Vision-aligned Latent Reasoning for Multi-modal Large Language Model

TL;DR

This work tackles the problem of visual information dilution in long-context multi-modal reasoning by introducing Vision-aligned Latent Reasoning (VaLR). VaLR dynamically injects vision-aligned latent tokens before each Chain-of-Thought step and employs a two-stage curriculum with a representation-alignment objective (REPA) to align MLLM intermediate states with dense visual features from external vision encoders, including multi-encoder fusion. Empirically, VaLR delivers strong gains on 3D spatial reasoning and perception benchmarks, notably achieving a VSI-Bench average of 52.9% with multi-encoder alignment and demonstrating test-time scaling where performance grows with reasoning length, unlike prior approaches. The method is encoder-agnostic and data-efficient, offering a practical path to robust long-context multi-modal reasoning in vision-language tasks and agentic applications.

Abstract

Despite recent advancements in Multi-modal Large Language Models (MLLMs) on diverse understanding tasks, these models struggle to solve problems which require extensive multi-step reasoning. This is primarily due to the progressive dilution of visual information during long-context generation, which hinders their ability to fully exploit test-time scaling. To address this issue, we introduce Vision-aligned Latent Reasoning (VaLR), a simple, yet effective reasoning framework that dynamically generates vision-aligned latent tokens before each Chain of Thought reasoning step, guiding the model to reason based on perceptual cues in the latent space. Specifically, VaLR is trained to preserve visual knowledge during reasoning by aligning intermediate embeddings of MLLM with those from vision encoders. Empirical results demonstrate that VaLR consistently outperforms existing approaches across a wide range of benchmarks requiring long-context understanding or precise visual perception, while exhibiting test-time scaling behavior not observed in prior MLLMs. In particular, VaLR improves the performance significantly from 33.0% to 52.9% on VSI-Bench, achieving a 19.9%p gain over Qwen2.5-VL.
Paper Structure (27 sections, 9 equations, 5 figures, 12 tables)
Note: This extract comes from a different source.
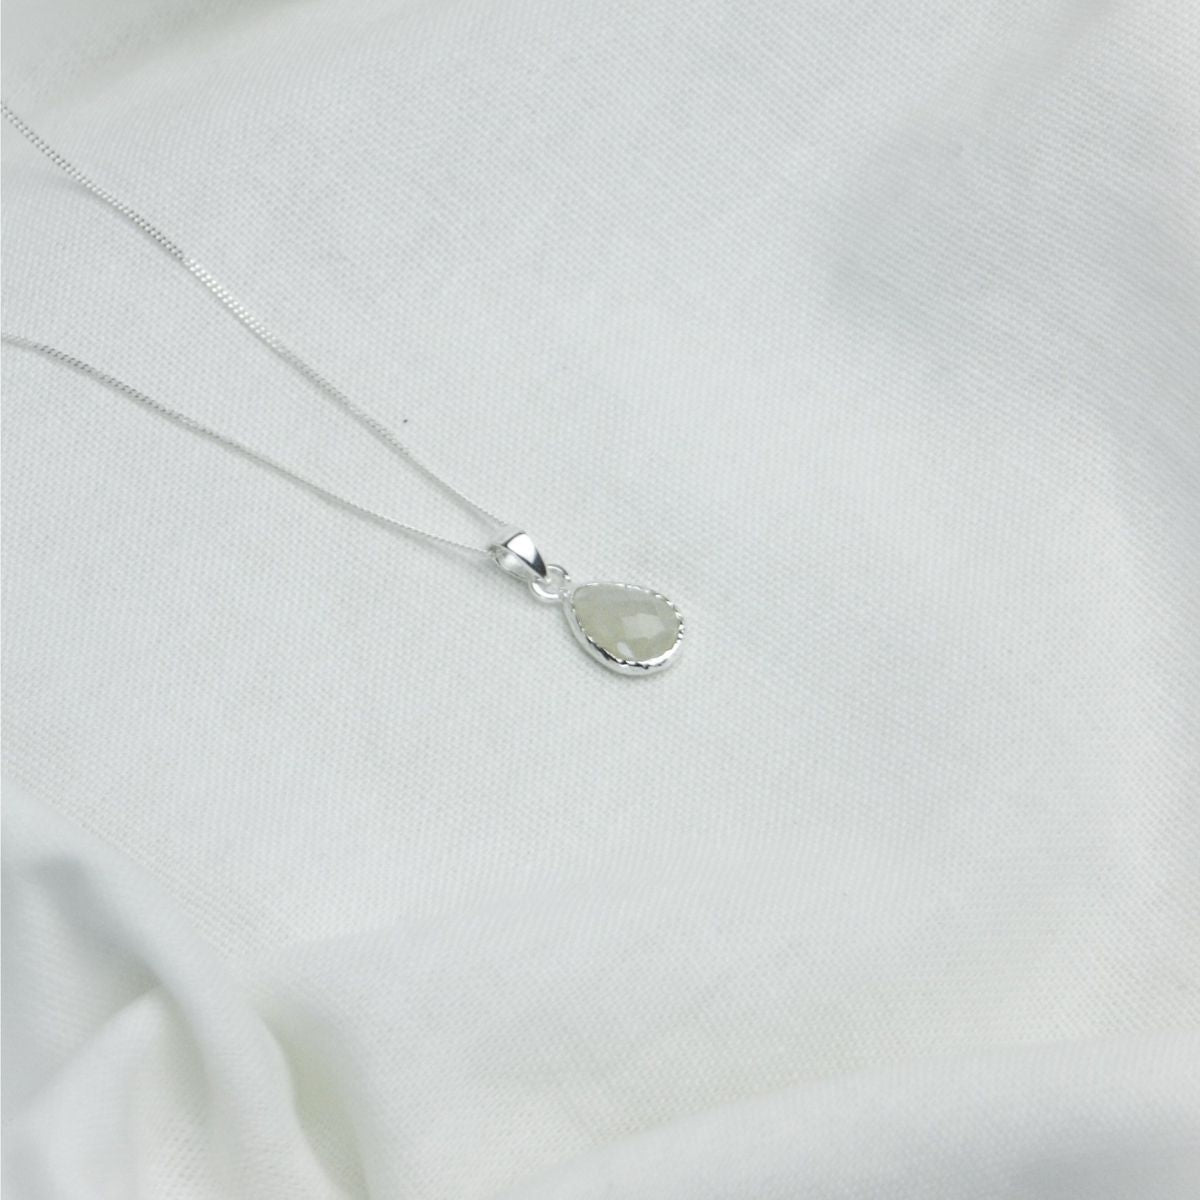 a white pendant necklace on  a white cloth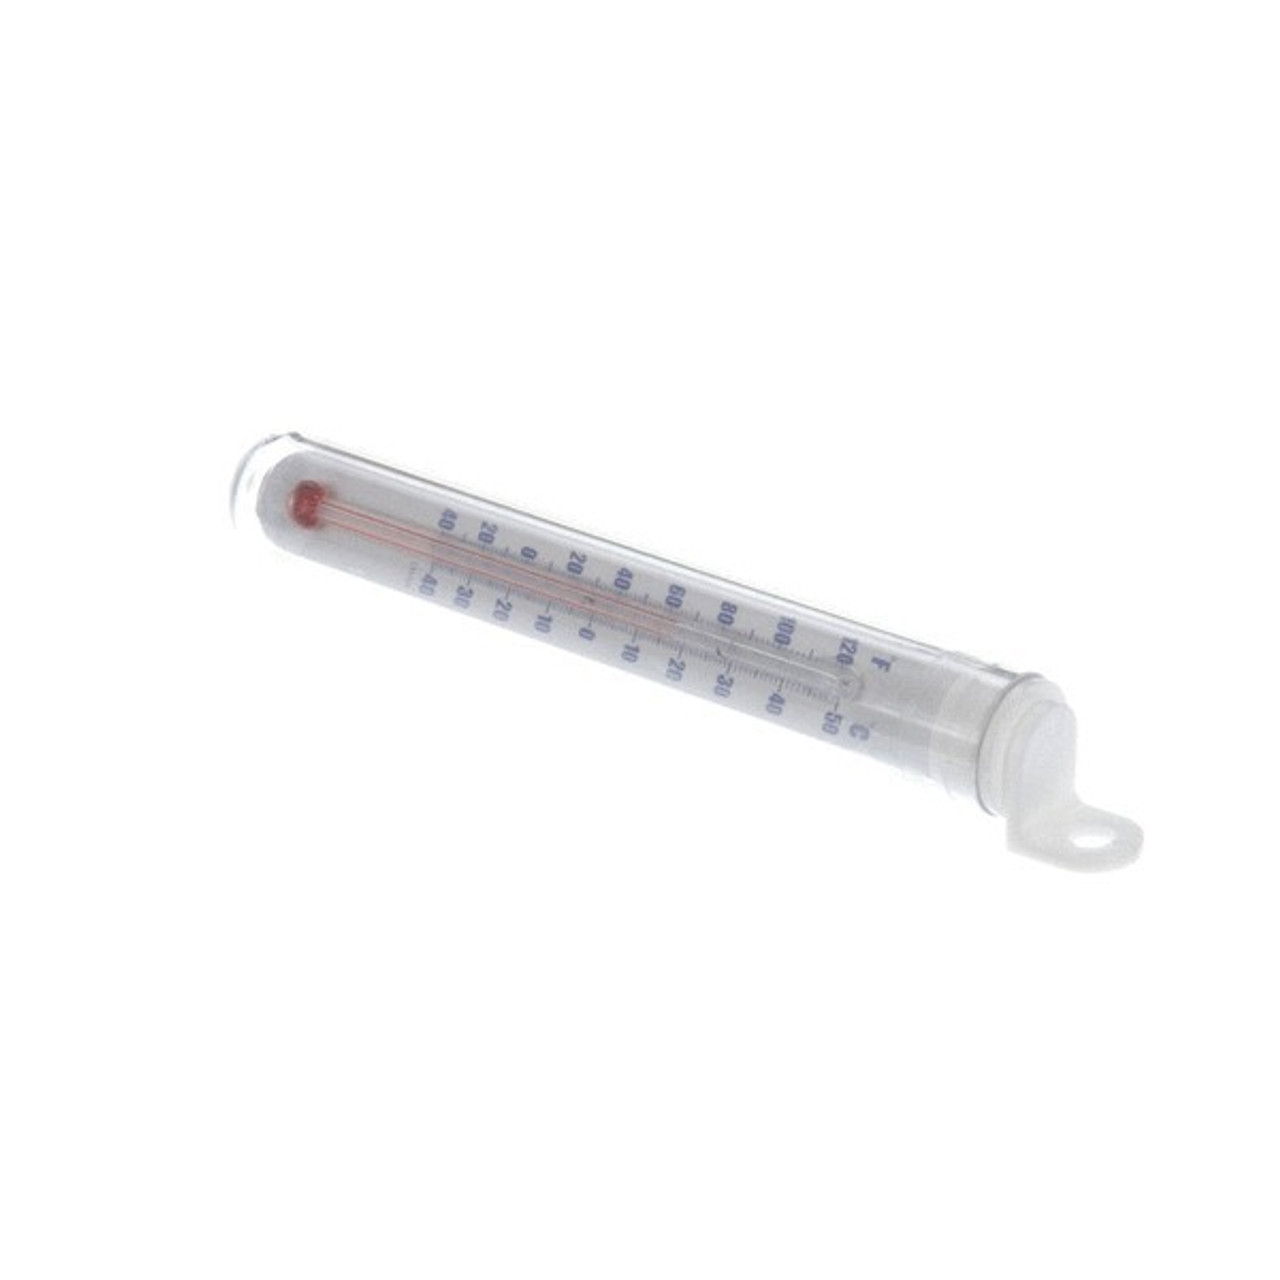 Traulsen 430037 - Thermometer

This paper contains 27 sections, 9 equations, 5 figures, 12 tables.

Figures (5)

  • Figure 1: Overview of VaLR. Our framework, VaLR, generates vision-aligned latent tokens and language tokens throughout reasoning process. (a) During latent token generation, the last hidden states of MLLM becomes input embedding for the next token prediction. (b) To train the latent token generation, we align the intermediate features of MLLM with pre-trained visual representation extracted from external vision encoders. Note that we do not use the external vision encoder at test-time.
  • Figure 2: Reasoning length-wise analysis. We investigate the effect of reasoning length on model performance across different MLLMs. We report hallucination rate on MMhalu sun2024mmhalu benchmark and accuracy (%) on MathVista lu2023mathvista, MathVision wang2024mathvision, and MMVP tong2024mmvp benchmark. For MMhalu, lower is better. We observe that VaLR is the only method that exhibits consistent performance improvements as reasoning length increases, while remaining robust on long-horizon tasks.
  • Figure 3: Effect of Data Scalability. We investigate the effect of the size of data and evaluate on VSI-Bench, BLINK, and V$^*$ benchmark. Results are marked 10K, 50K, 100K, 200K, and 450K sample size with fixed iterations. The result show consistent and scalable performance improvements with increased data size across all benchmarks. Notably, VaLR achieves $>$20x faster convergence than vanilla SFT model on V$^*$ benchmark.
  • Figure 4: Comparison between methods using vision encoder features. We compare two methods using DINOv3 features: (a) Using visual features as input visual tokens of MLLM (Green), (b) Aligning visual features with MLLM embeddings (Red). We report accuracy (%) on VSI-Bench, BLINK, and V$^*$ benchmark.
  • Figure 5: Feature Visualization.